• _Assignment_
From the first line to the last, repeat the data exactly and drop the pictures.

• _Data excerpt_

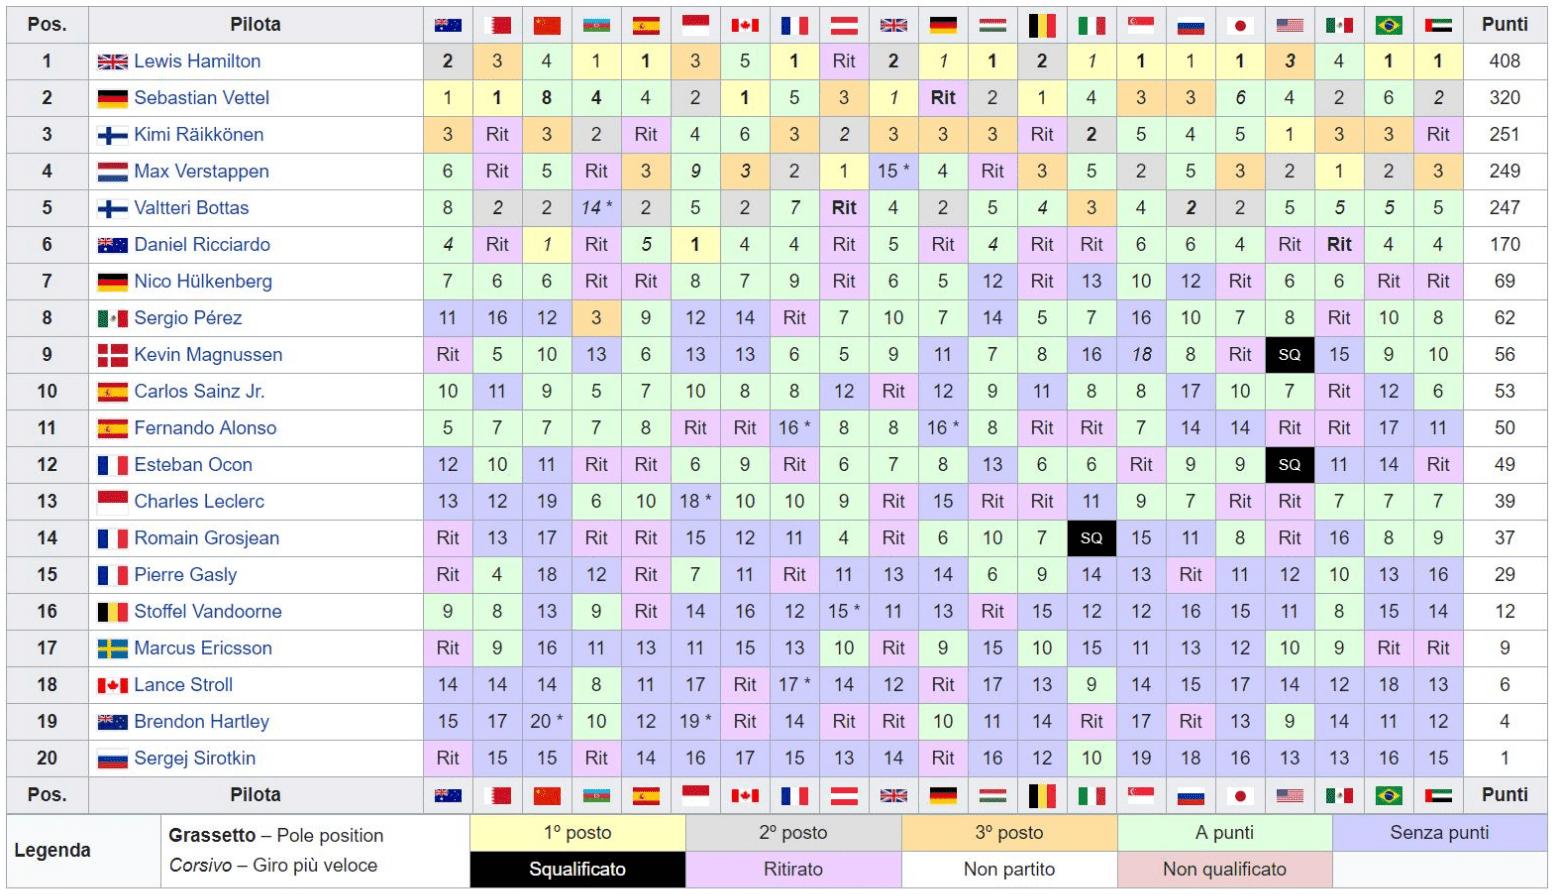 Classifica-Piloti-Formula1-2018
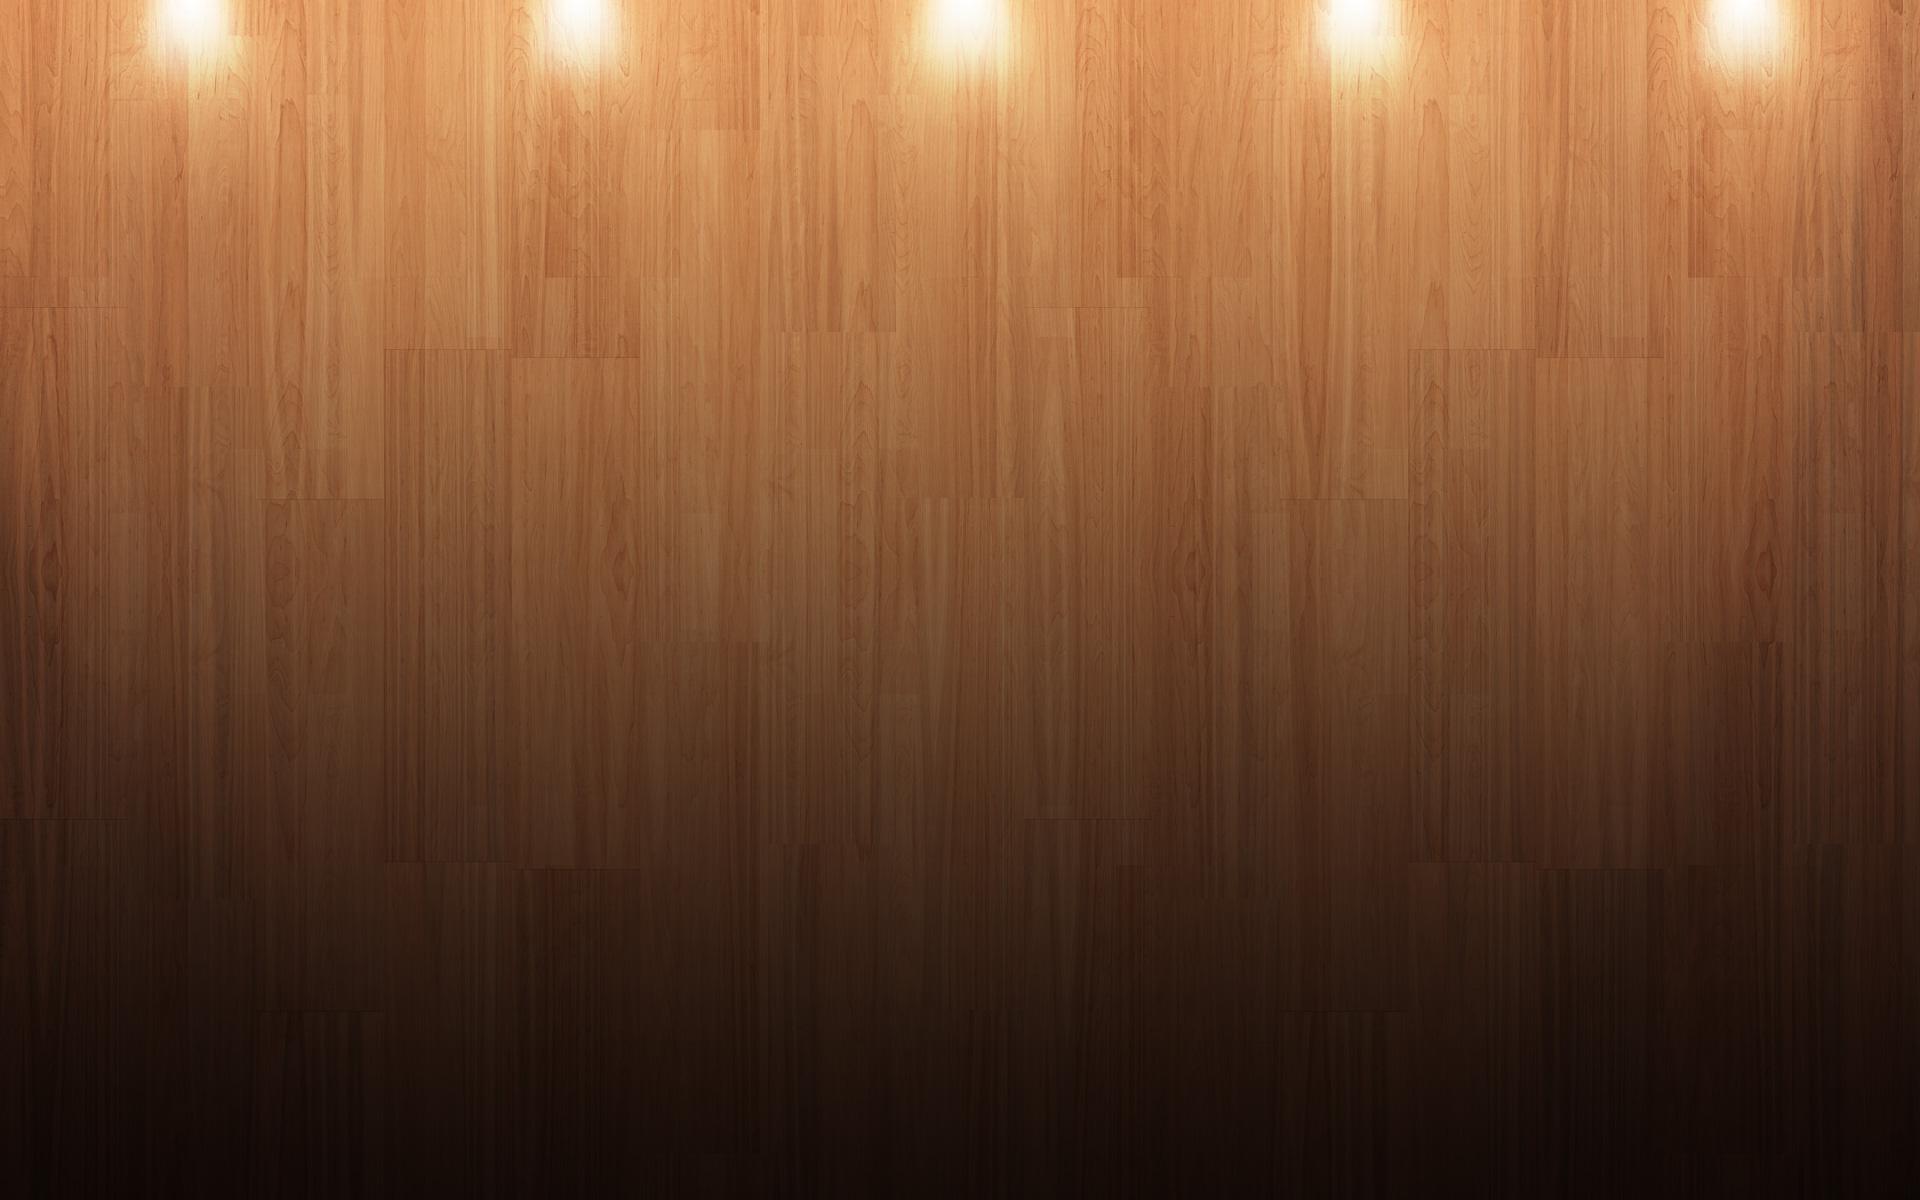 Wood Paneling 04 WS By Temporalvistasquash Desktop Wallpaper   Home 1920x1200
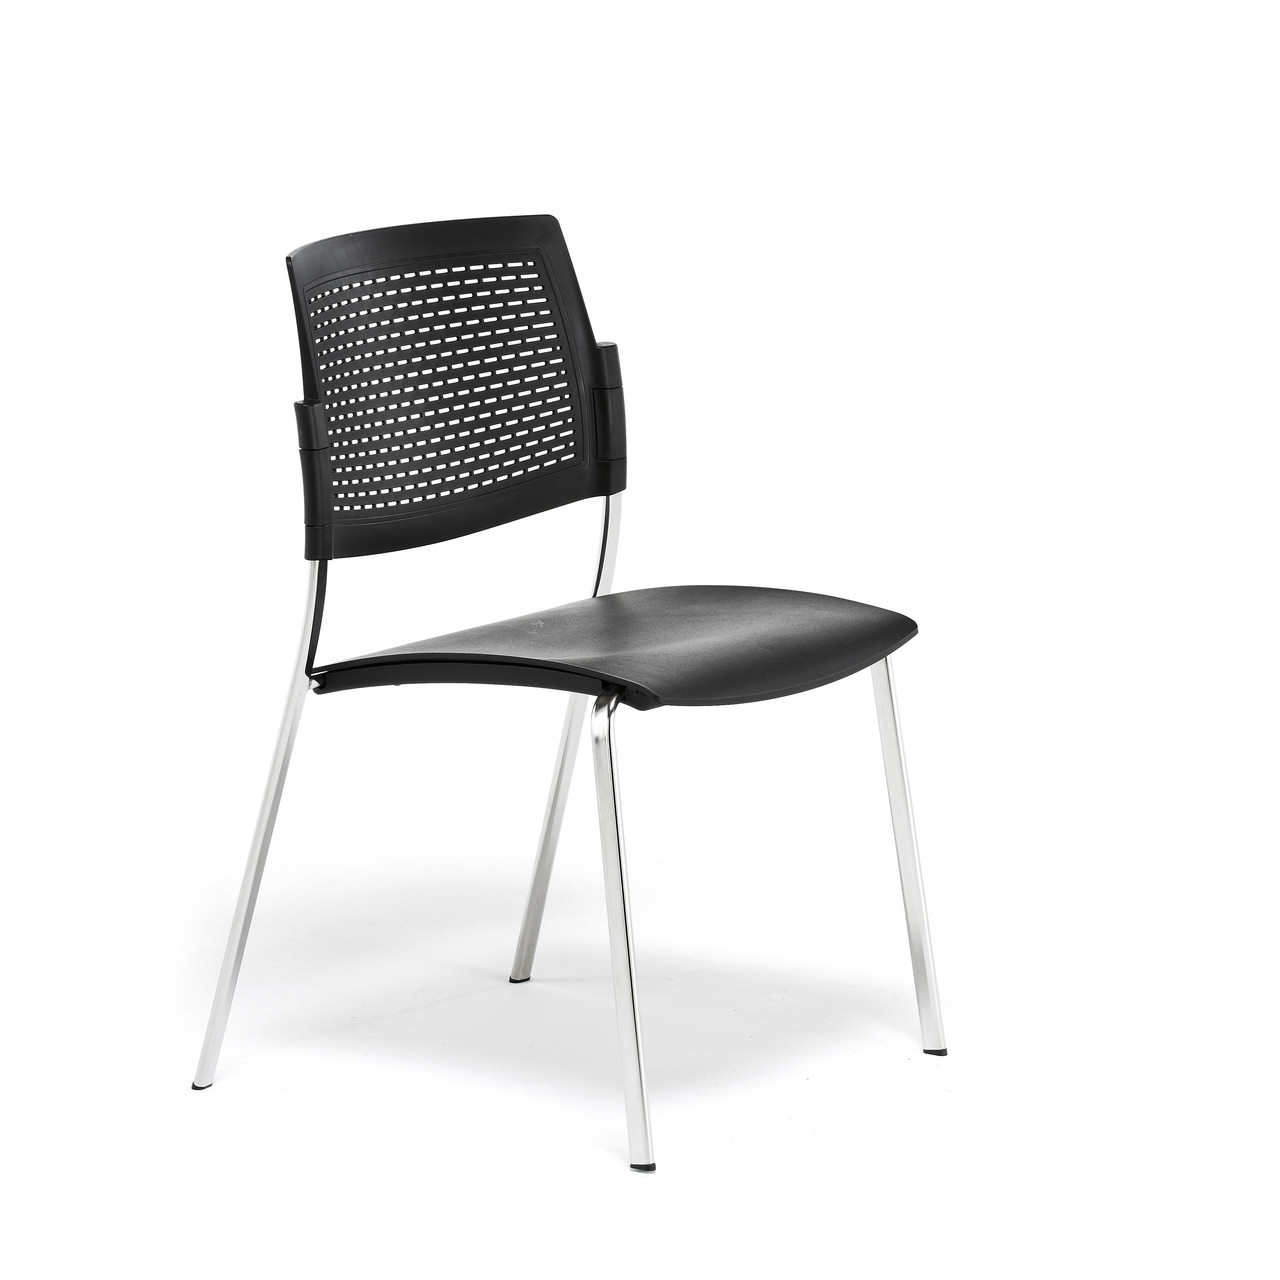 Satsu 4-Leg - Meeting & Visitor Chairs - MSS02

• _Answer space_
 Classifica-Piloti-Formula1-2018
 Wood Paneling 04 WS By Temporalvistasquash Desktop Wallpaper   Home 1920x1200
 Satsu 4-Leg - Meeting & Visitor Chairs - MSS02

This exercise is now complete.